Sur la route de l'université, je me noie dans la musique afin de me donner de la motivation et du courage. Assise côté fenêtre dans le bus, je regarde dehors, contemplant le paysage qui défile sous mes yeux. Et puis je la vois. L'université de Miami, juste là. Petit monstre à l'intérieur de moi a l'air tout content de découvrir tout cela à en juger par son agitation. Armée de mon sac à dos, je me dirige vers l'entrée du batiment.
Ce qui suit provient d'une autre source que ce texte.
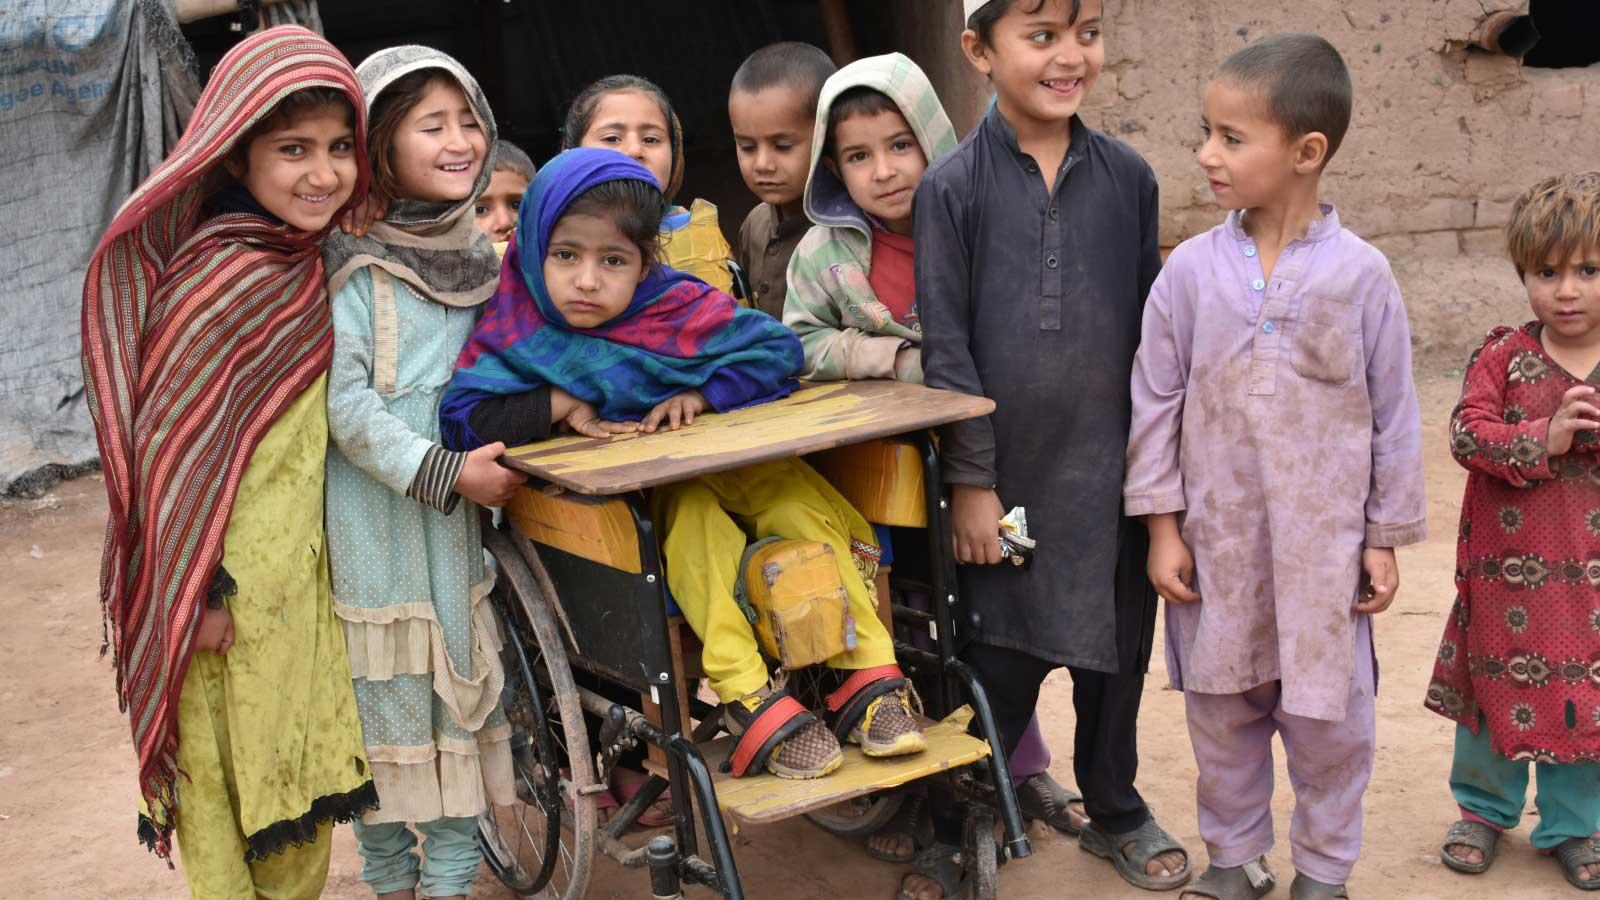 COVID-19 in Pakistan | Quarantine isolates children with disabilities

L'administratif est vraiment ce qu'il y a de pire dans la vie. Les cours ont déjà repris depuis quelques jours, alors je dois d'abord remplir un tas de documents pour finaliser mon inscription. Puis on me remet mon emploi du temps et tout un tas de brochures sur ce qui se fait à l'université. Mais c'est surtout une information qui attire mon attention. Une sorte de parrainage est mis en place, pour que les anciens aident les nouveaux à s'intégrer. La chance de ne pas être livrée à moi-même dans cette école venait de s'offrir à moi. En sortant du bureau administratif, je regarde cette brochure, parcourant la liste des personnes s'étant proposées pour être les parrains et marraines. La sonnerie assourdissante de l'école me sort de ma réflexion, et, alors que tout était si calme, un vrai raz de marré humain déferle. Vu la foule, je suis complètement invisible aux yeux des gens. Ce qui est pas plus mal pour l'instant. Je ne lache pas la brochure des mains, et je me dirige vers le lieu mentionné dessus, non sans difficulté. Après avoir traversé quasiment tout le campus, j'arrive devant la salle indiquée. Je pose mon oreille contre la porte, il y a du bruit à l'intérieur. Je dois être au bon endroit. Bon, il va falloir prendre son courage à deux mains. Par politesse, je toque avant d'entrer. Je sens plusieurs paires d'yeux se braquer sur moi, ce qui n'a pas vraiment pour effet de m'aider à me sentir à l'aise. Les conversations se sont arrêtées, tout le monde est suspendu à mes lèvres. Allons-y.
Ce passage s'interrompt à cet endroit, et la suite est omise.